Mohon tunggu...
Kazena Krista
Kazena Krista Mohon Tunggu... Foto/Videografer - Fotografer

Best in Opinion Nominee Kompasiana Award 2021

Selanjutnya

Tutup

Gaya Hidup Pilihan

Setelah Status Saya Berubah

29 September 2021   20:03 Diperbarui: 29 September 2021   20:57 312
+
Laporkan Konten
Laporkan Akun
Kompasiana adalah platform blog. Konten ini menjadi tanggung jawab bloger dan tidak mewakili pandangan redaksi Kompas.
Lihat foto
Aktifitas membaca. (Sumber: Pexel | Shvets Production) 

Belum lama yang lalu, status saya berubah. Saya pikir tidak secepat ini saya dapat menggantinya. 

Apa lagi yang saya bicarakan jika bukan centang biru yang begitu awuwu itu! 

Akun yang tulisannya sedang kau baca ini sebenarnya sudah berusia nyaris empat tahun, kawan—dibuat di tahun 2017—saya sendiri bahkan hampir saja melupakannya. 

Jika bukan karena rasa jengkel terhadap seseorang (baca: seorang follower) yang merengek meminta saya balik mem-follow akun Instagram miliknya beberapa bulan yang lalu, mungkin saya pun hingga sekarang tak akan menyadari jika saya pernah membuat akun di Kompasiana.

Jelas terlihat, postingan blog Kompasiana saya untuk kali pertama adalah sebuah bentuk kejengkelan—atau kalau tidak ingin disebut marah-marah.
Kau bisa membacanya di sini.

Alasan. 

Saya tidak bisa dibilang orang yang rajin menulis di Kompasiana—alih-alih menulis dengan rutin setiap hari seperti beberapa Kompasianer. Itu karena saya pun memiliki tenggat menulis yang lain.

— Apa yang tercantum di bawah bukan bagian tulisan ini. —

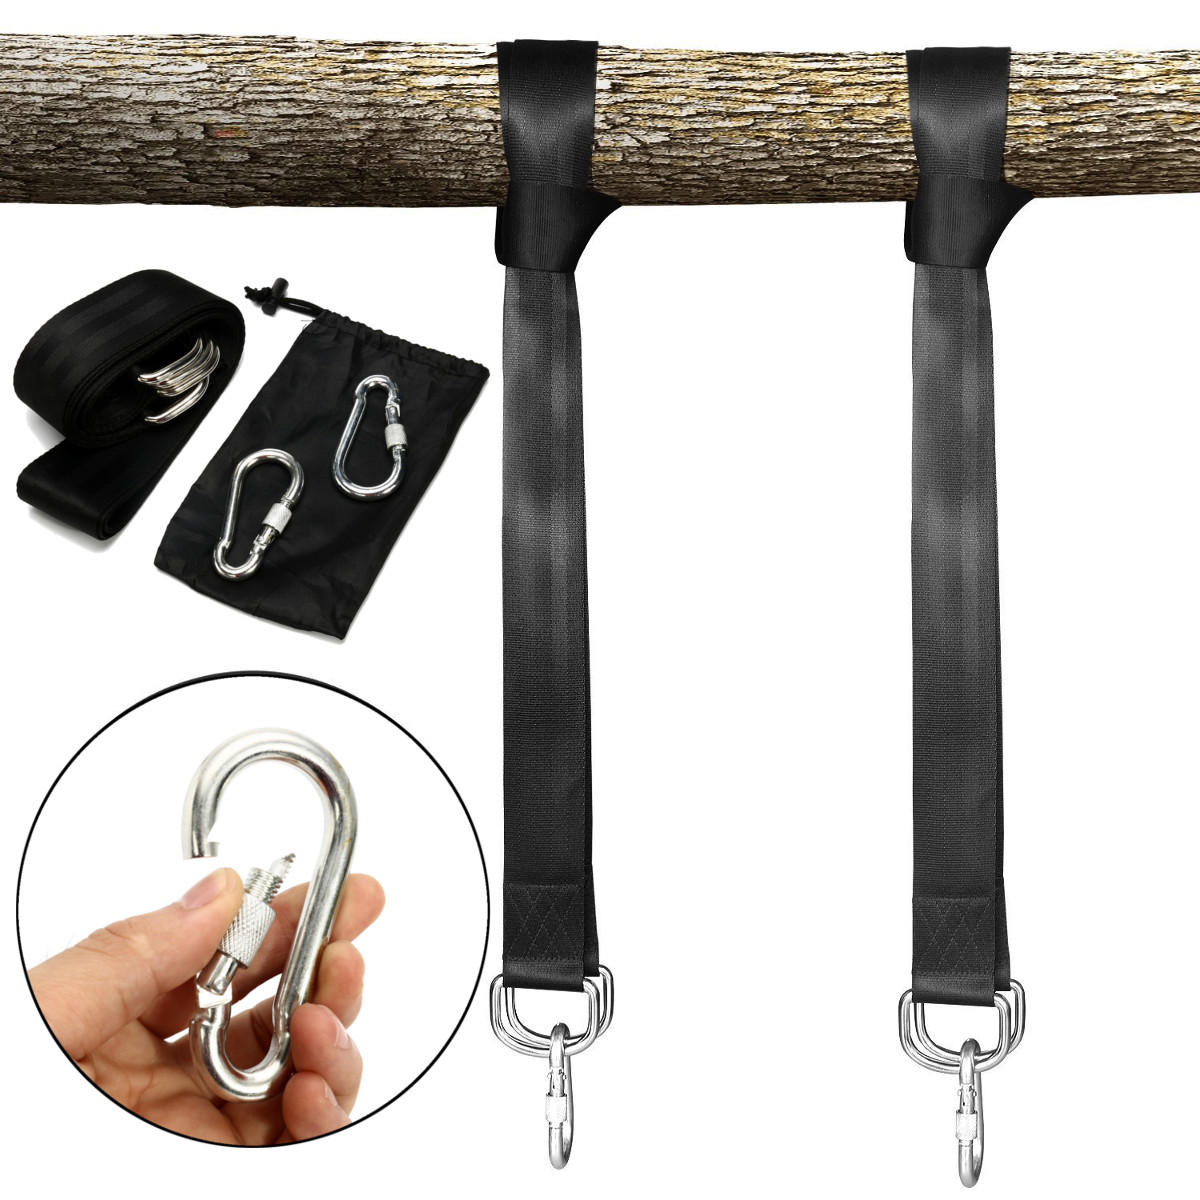 5 stks camping hangmat swing boom sling bandjes set zware outdoor accessoire tuin recreatie
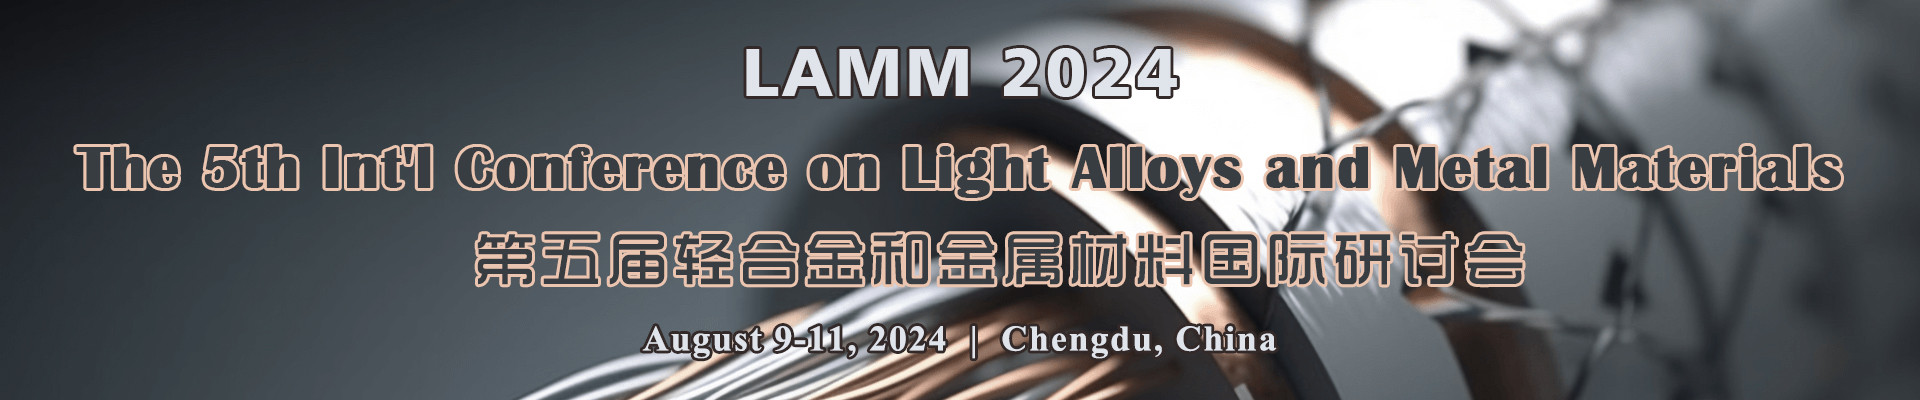 第五届轻合金和金属材料国际研讨会LAMM 2024

Tapi, bukan berarti Kompasiana tidak memiliki arti tersendiri bagi saya.

Kompasiana sejatinya adalah salah satu wadah bagi saya untuk berbagi "isi kepala"—menuangkan apapun yang membuat saya gelisah terhadap sesuatu; atau wadah berbagi pengalaman. 

Karena bagi saya pengalaman tak melulu jadi alat memetik hikmah demi sebuah pembelajaran melainkan pula bentuk lain dalam bersenang-senang dan saya berharap orang lain mengetahuinya.

Dan tentu bisa saya katakan pula jika Kompasiana adalah wadah untuk berbagai sambat saya selain media sosial yang saya punya.

Centang biru pada akun saya. (Sumber: akun Kompasiana saya) 
Centang biru pada akun saya. (Sumber: akun Kompasiana saya) 

Saya tidak benar-benar terlalu peduli apakah tulisan saya akan dibaca banyak orang atau tidak—atau apakah akan mendapat predikat "tertinggi" atau "terpopuler" 

atau "artikel utama"—alih-alih menjadi tulisan yang paling banyak dikunjungi dan dibaca melalui mesin pencari Google dengan label "tren pekan ini", meskipun kalau boleh jujur ada pride tersendiri jika tulisan saya mendapat salah satu di antaranya. 

Tapi, yang jelas, saya tak pernah menulis asal-asalan di blog keroyokan yang dominan memiliki warna biru ini—sekalipun itu tulisan untuk kategori "diary".

Tidak juga menulis semata-mata mengejar viral. 

Baca juga:

Berkarya Demi Viral, Yakin Brandingmu Sudah Personal? 

Baca juga:

Dalam Berkarya Semua Orang Punya Formula, Ini Salah Satu di Antaranya

Sebuah wadah. 

Jika dihitung sejak tulisan pertama saya yang saya buat di bulan Februari yang lalu, secara teknis saya boleh dikatakan sebagai anak baru.

Namun, sebagai anak baru bukan berarti saya tidak belajar banyak hal di Kompasiana. 

Siapapun yang bersinggungan langsung dengan menulis di sini akan sepakat bahwa Kompasiana adalah tempat berkumpulnya orang-orang dengan berbagai latar belakang dan berbagai keahlian. 

Tak sulit menemukan tulisan-tulisan hebat di Kompasiana. Dari tulisan dengan bahasa ilmiah yang dibuat oleh mereka para akademisi atau para profesional hingga tulisan yang berdasarkan kehidupan sehari-hari yang begitu sederhana namun memiliki arti lebih. 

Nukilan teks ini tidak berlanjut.